**Supplied information**
>>

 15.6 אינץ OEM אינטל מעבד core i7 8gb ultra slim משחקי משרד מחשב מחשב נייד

<<
>>

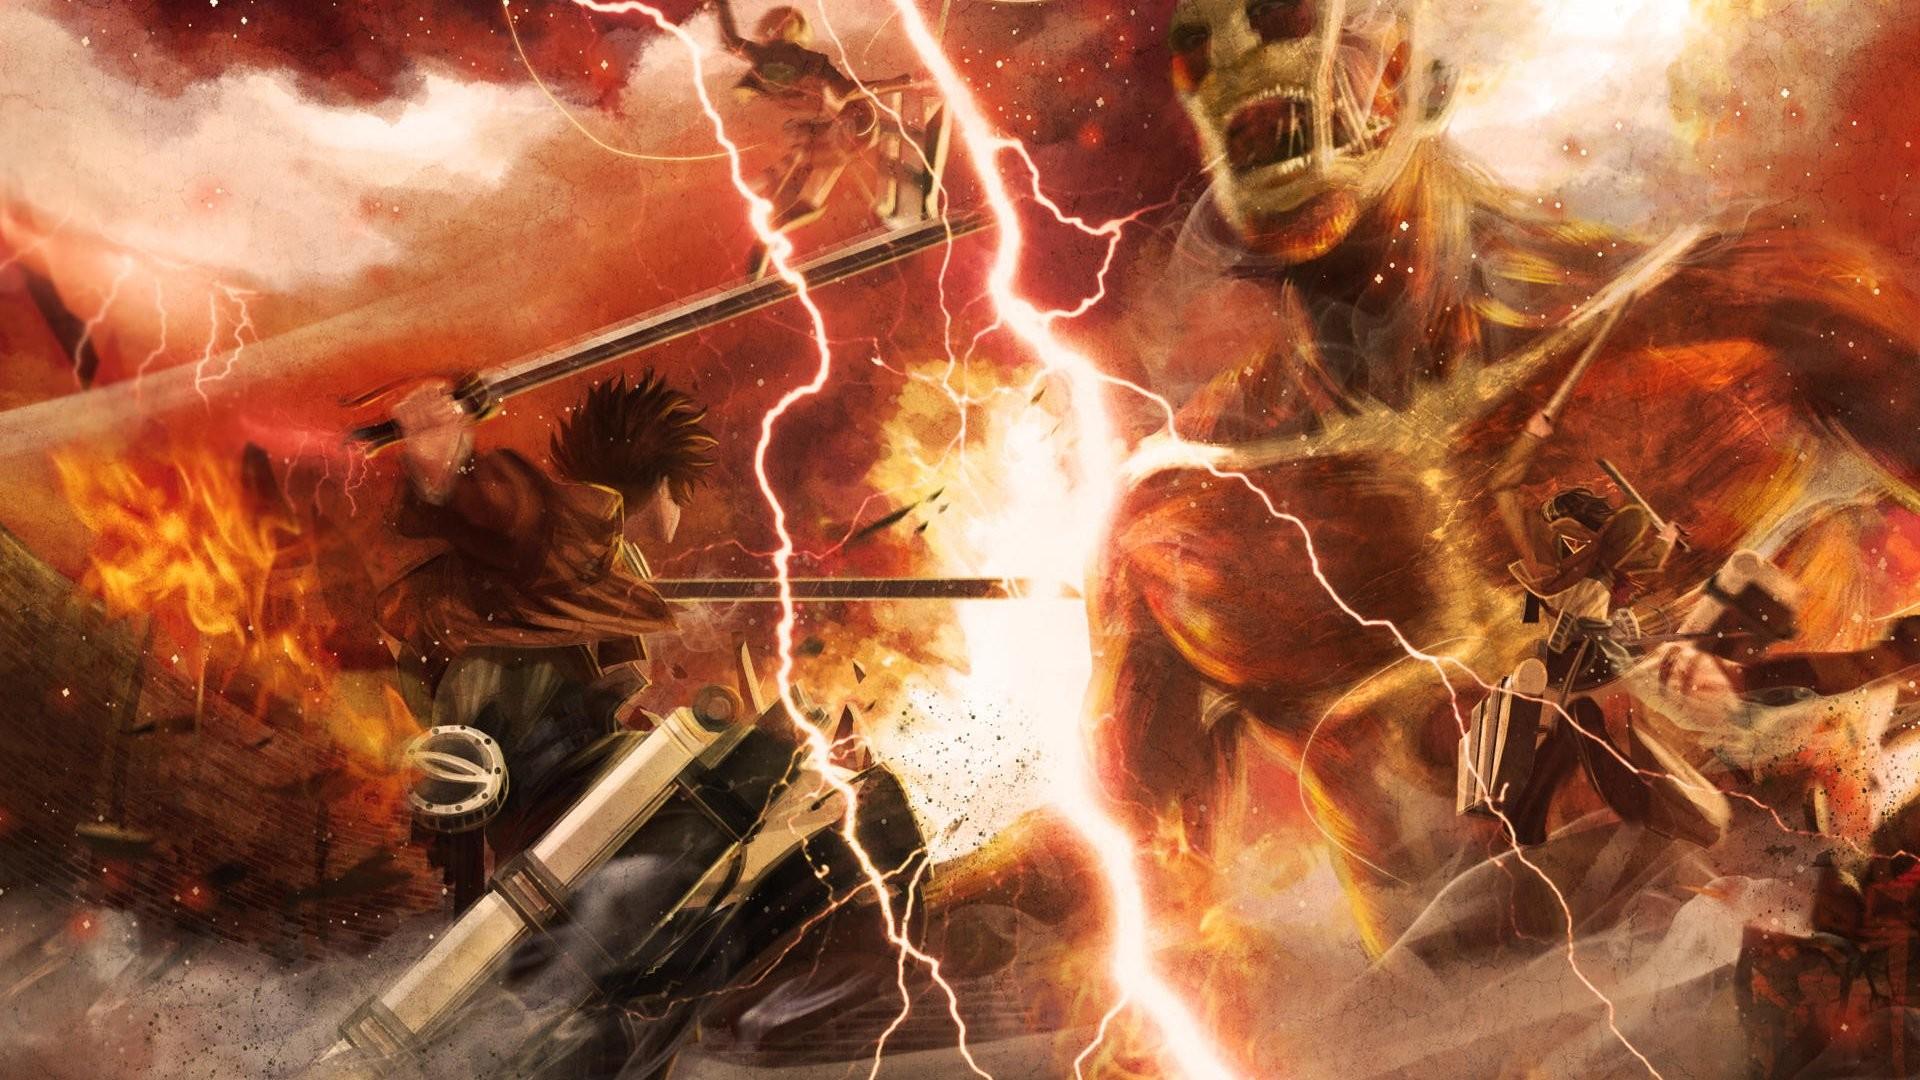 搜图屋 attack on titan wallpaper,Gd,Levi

<<
>>

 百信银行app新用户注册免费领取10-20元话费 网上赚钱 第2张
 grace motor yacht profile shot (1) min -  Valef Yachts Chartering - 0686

<<

**What is being asked**
Would you output, from the records above, exactly the run of lines that starts at the line containing "百信银行app新用户注册免费领取10-20元话费 网上赚钱 第2张" and ends at the line containing "grace motor yacht", and only that run?

**Result of this exercise**
 百信银行app新用户注册免费领取10-20元话费 网上赚钱 第2张
 grace motor yacht profile shot (1) min -  Valef Yachts Chartering - 0686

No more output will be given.